■ Exercise directions ■
Each line below from the "さまざまなロックのヒットとタンブルの未再生の波形" line through the "草本养肤 令人安心 | 日本进口redearth红地球控油定妆粉散粉蜜粉" line, those two included, must be restated word for word; the pictures must not be.
Start of Supplied records
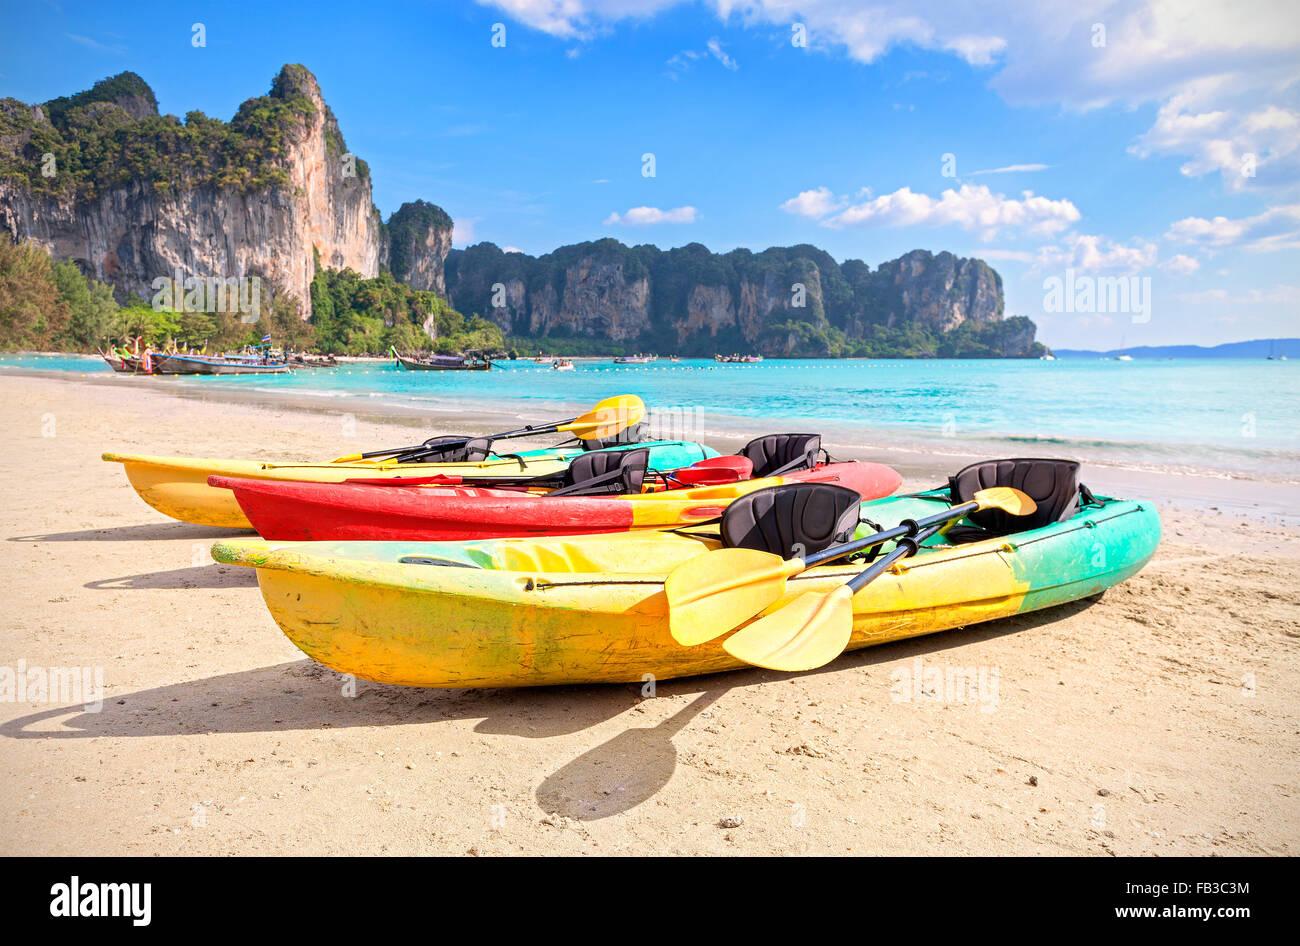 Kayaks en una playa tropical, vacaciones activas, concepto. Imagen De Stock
End of Supplied records
Start of Supplied records
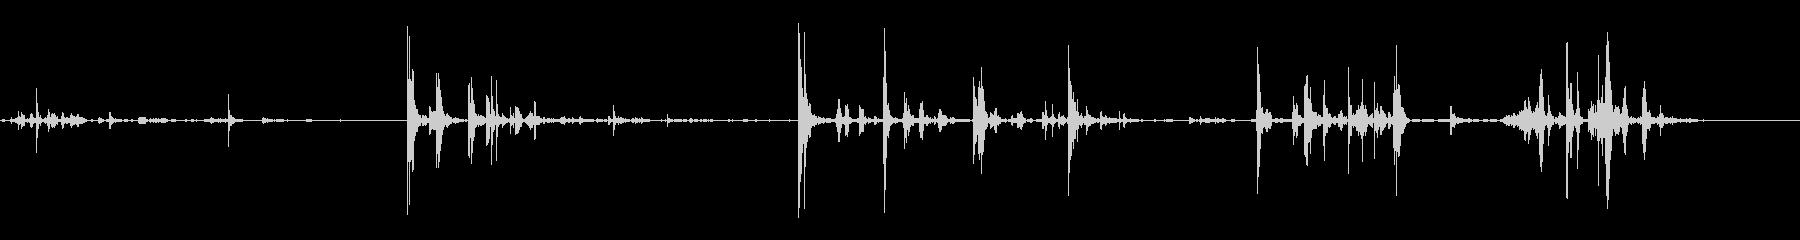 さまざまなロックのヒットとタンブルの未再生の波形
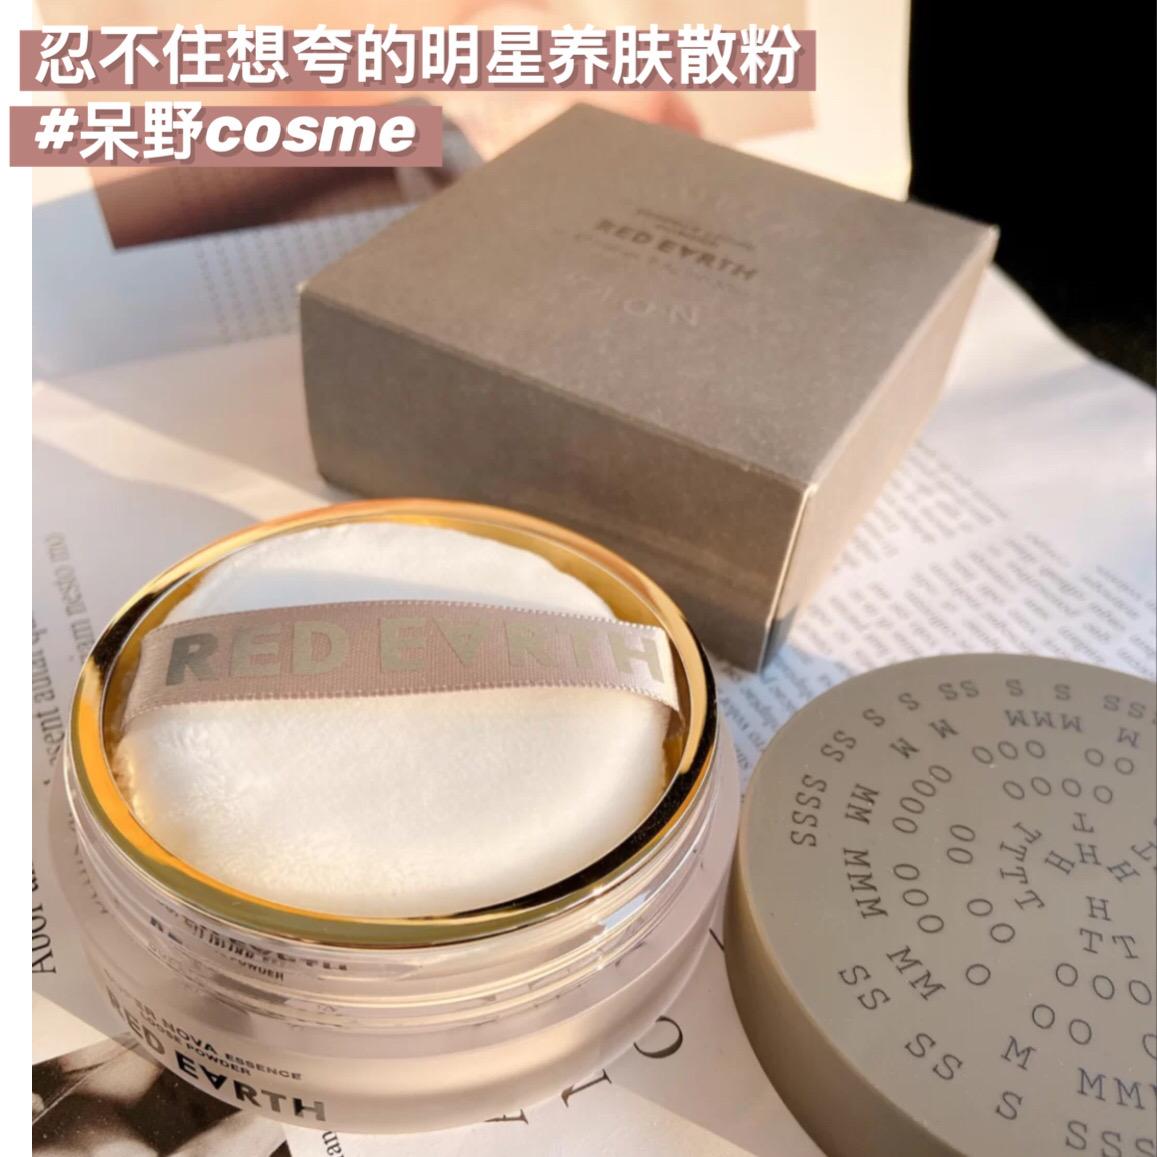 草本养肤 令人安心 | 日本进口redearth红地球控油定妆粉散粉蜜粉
End of Supplied records
Start of Supplied records
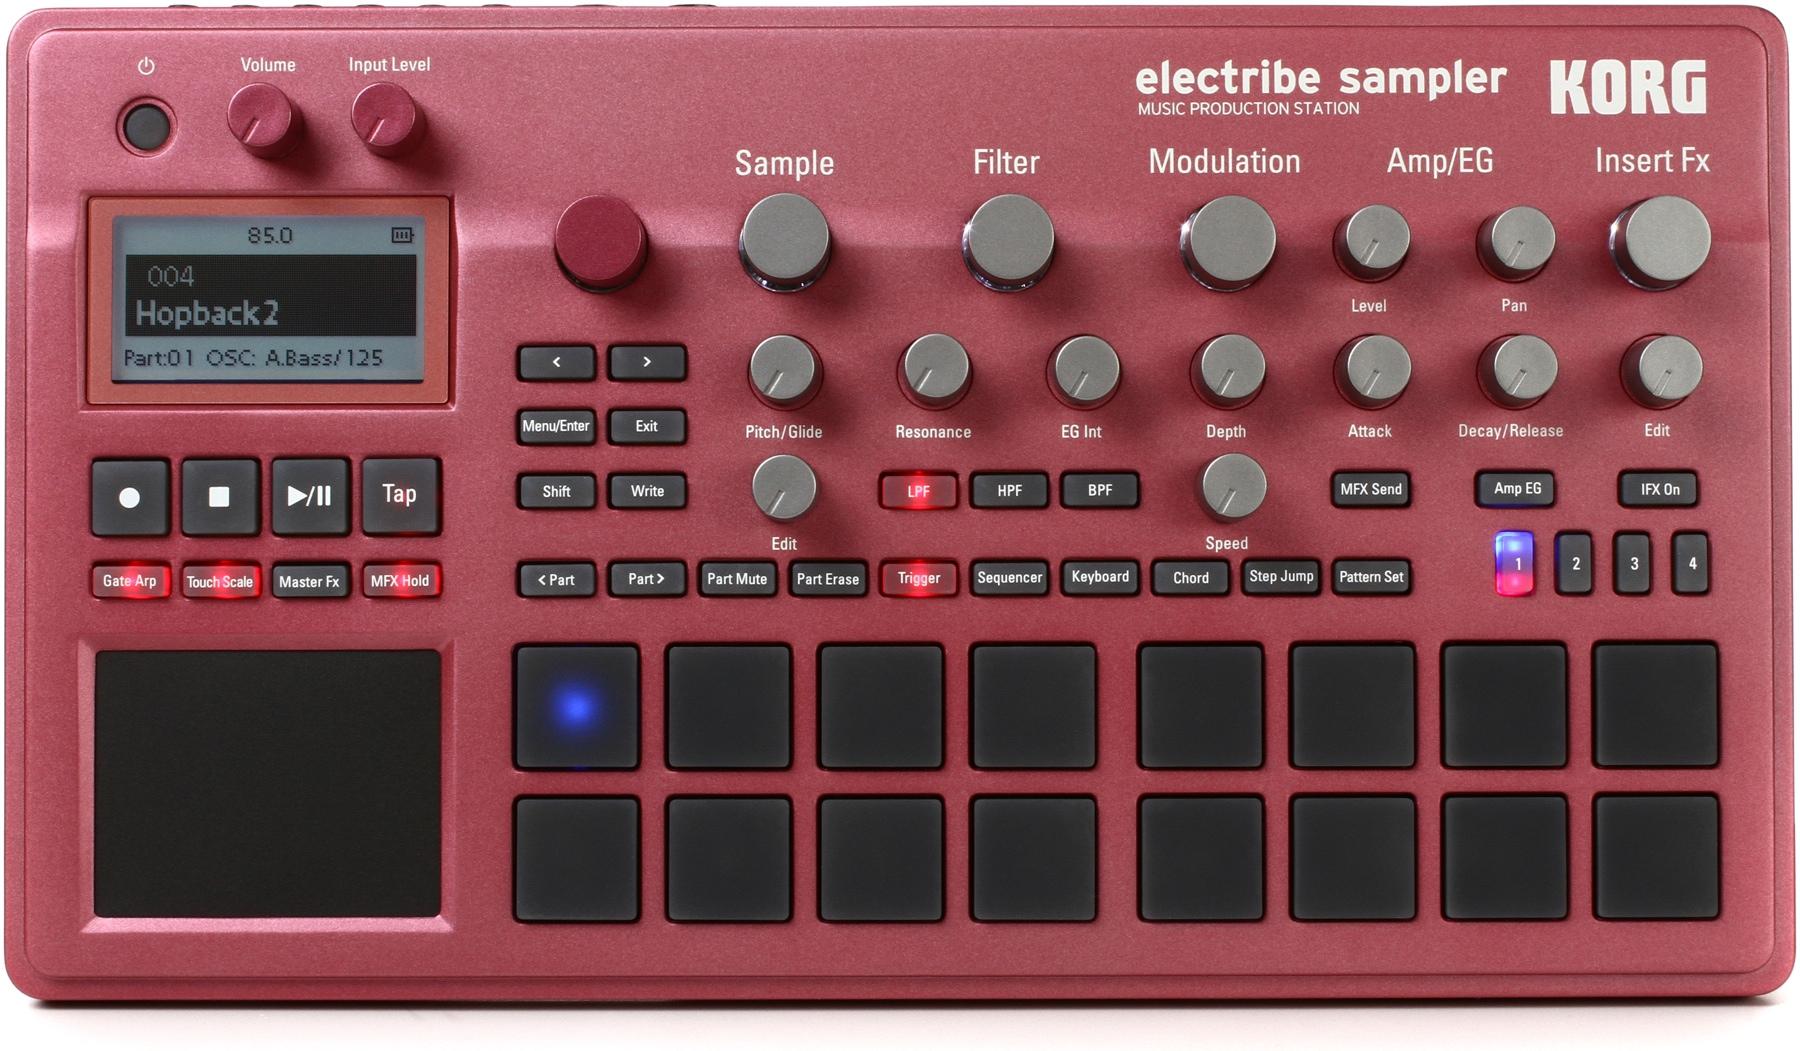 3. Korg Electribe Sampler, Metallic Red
End of Supplied records
■ Expected answer ■
 さまざまなロックのヒットとタンブルの未再生の波形
 草本养肤 令人安心 | 日本进口redearth红地球控油定妆粉散粉蜜粉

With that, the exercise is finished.